→ **Directions**:
An exact copy of the listing below is needed, with no pictures in it.

→ **The data**:
____________________

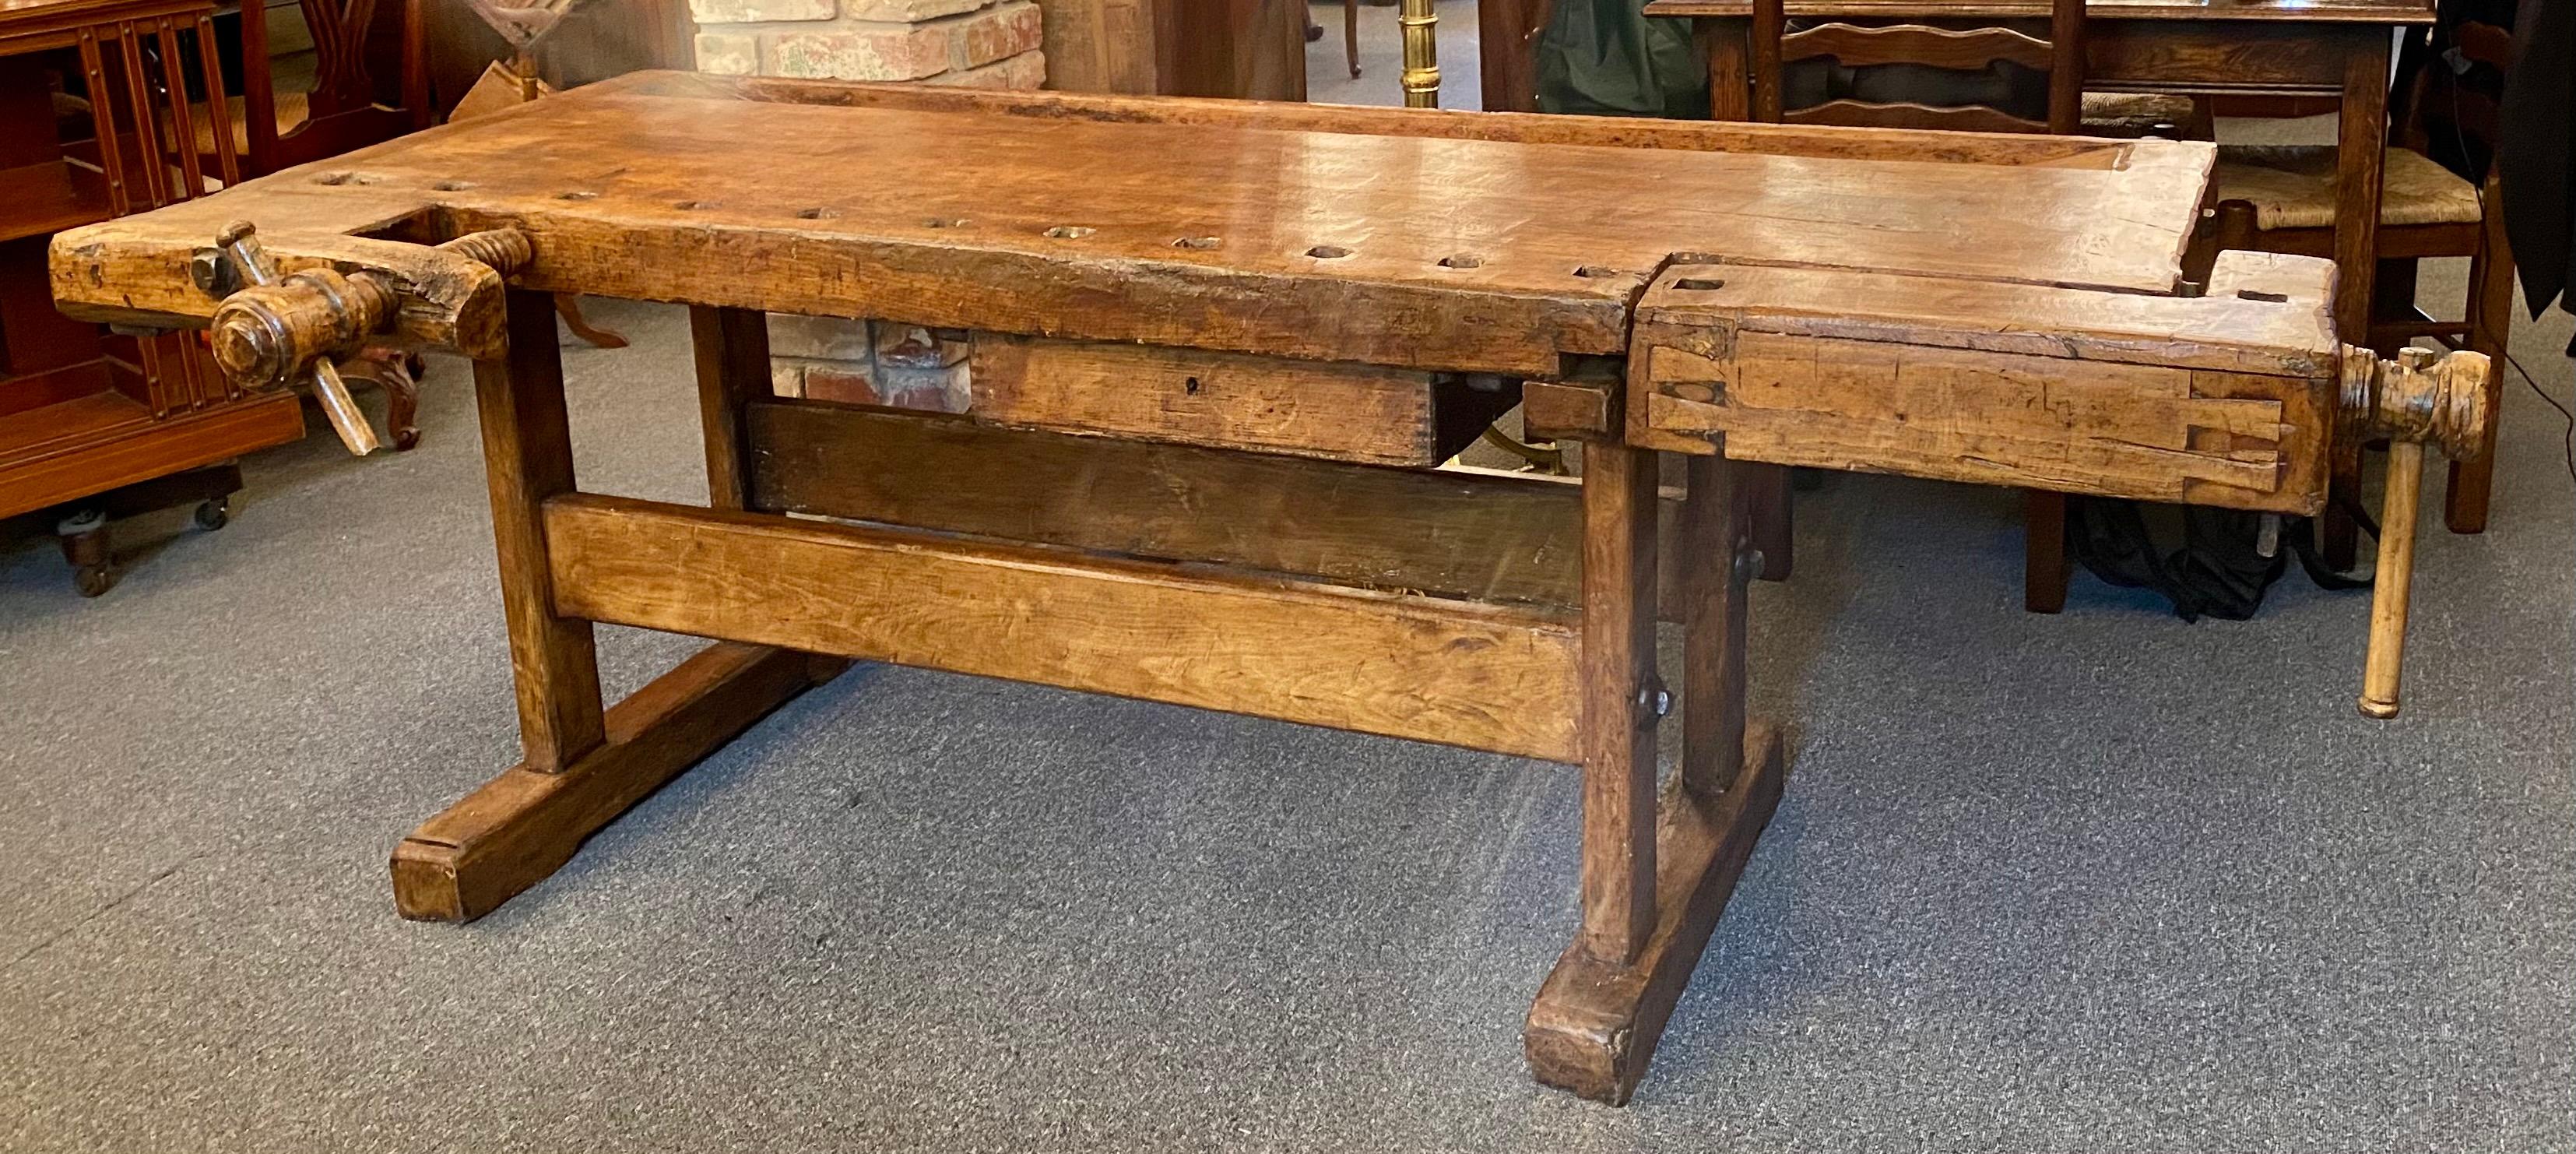 antique workbench with drawers
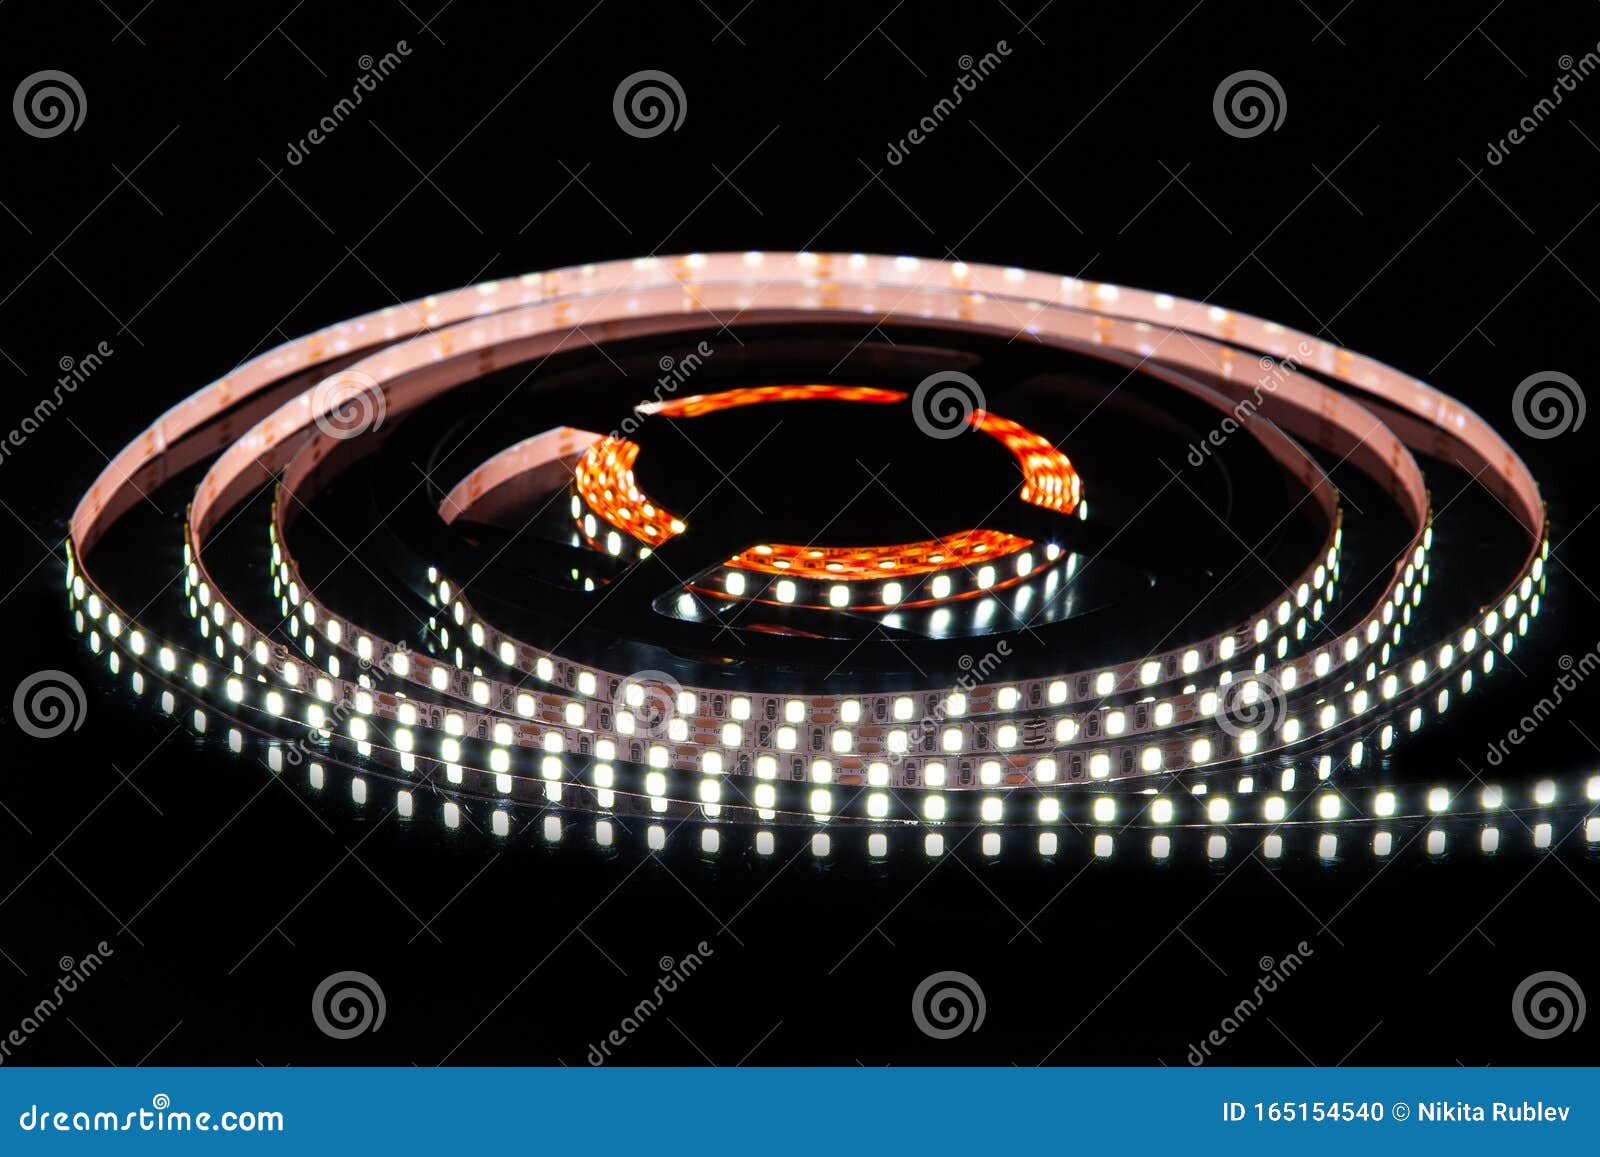 cold white led strip on reel with black background
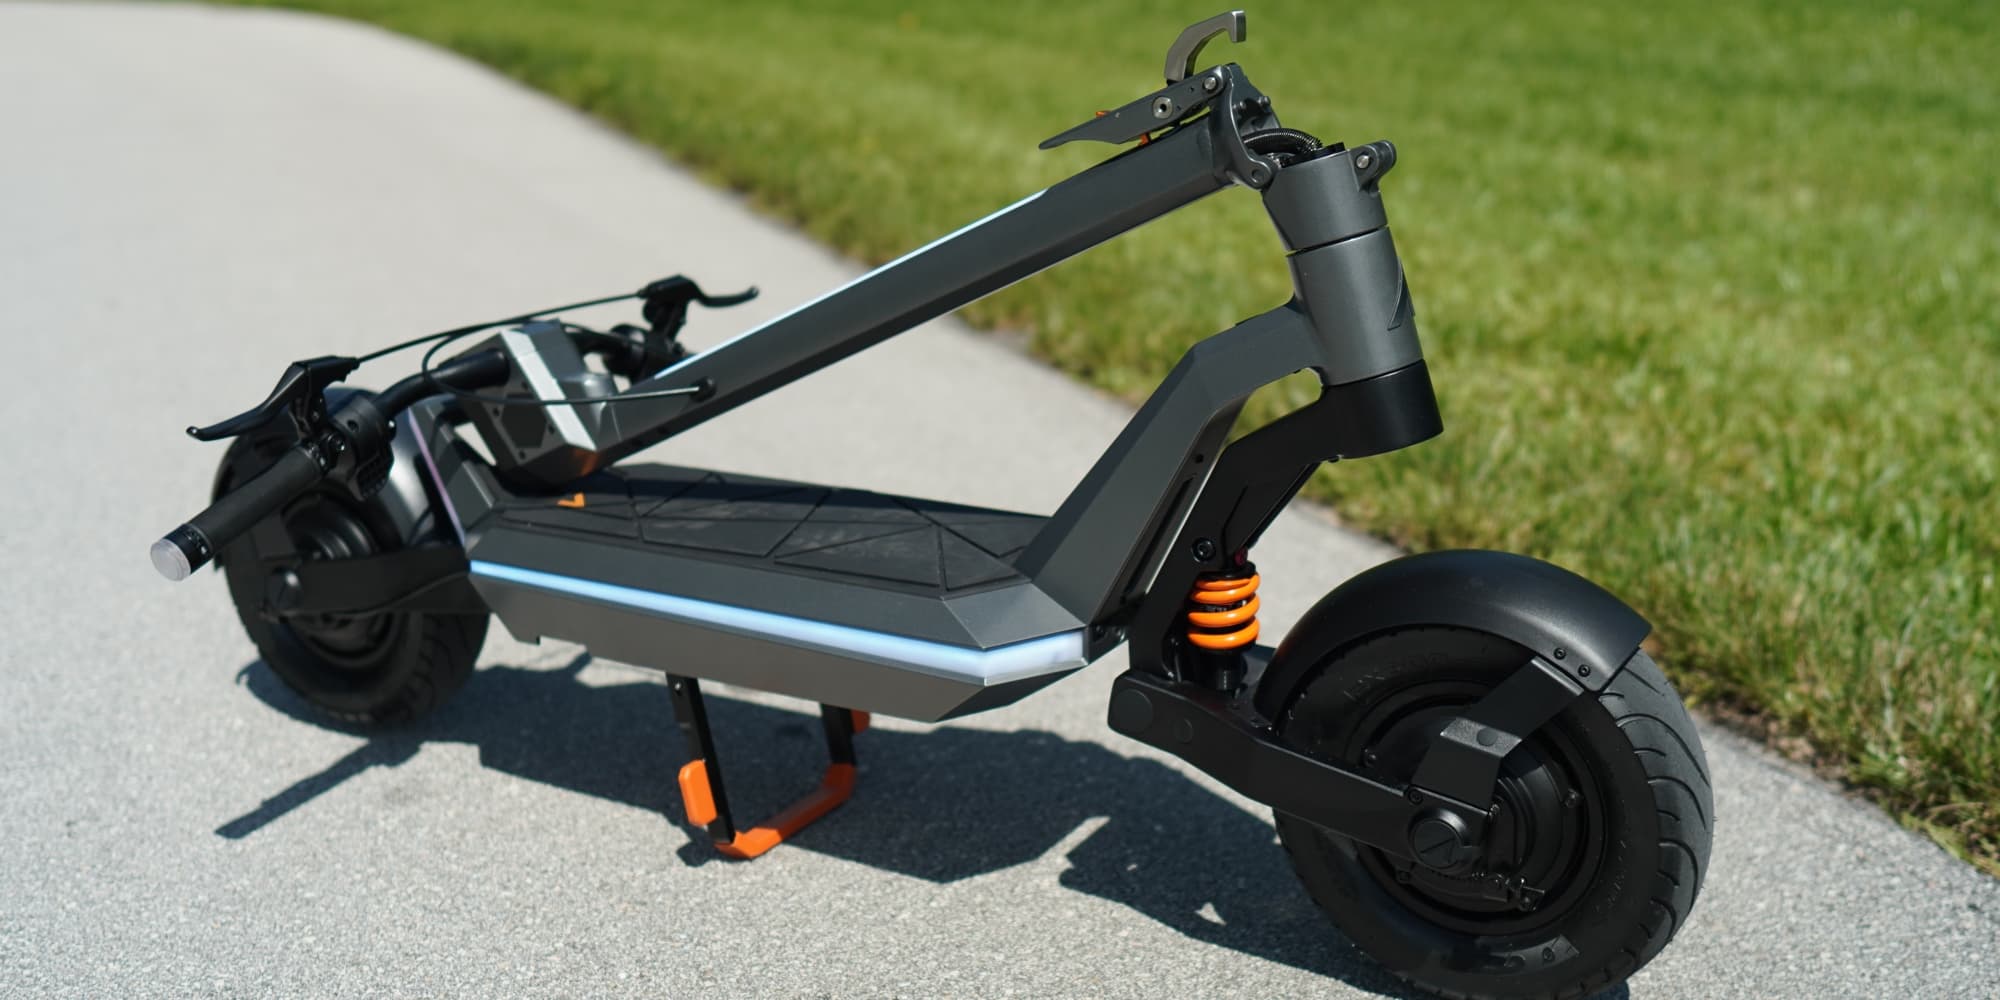 Apollo Pro electric scooter review: 45 mph worth of tech riding!

____________________

→ **Finished exercise**:
 antique workbench with drawers
 cold white led strip on reel with black background
 Apollo Pro electric scooter review: 45 mph worth of tech riding!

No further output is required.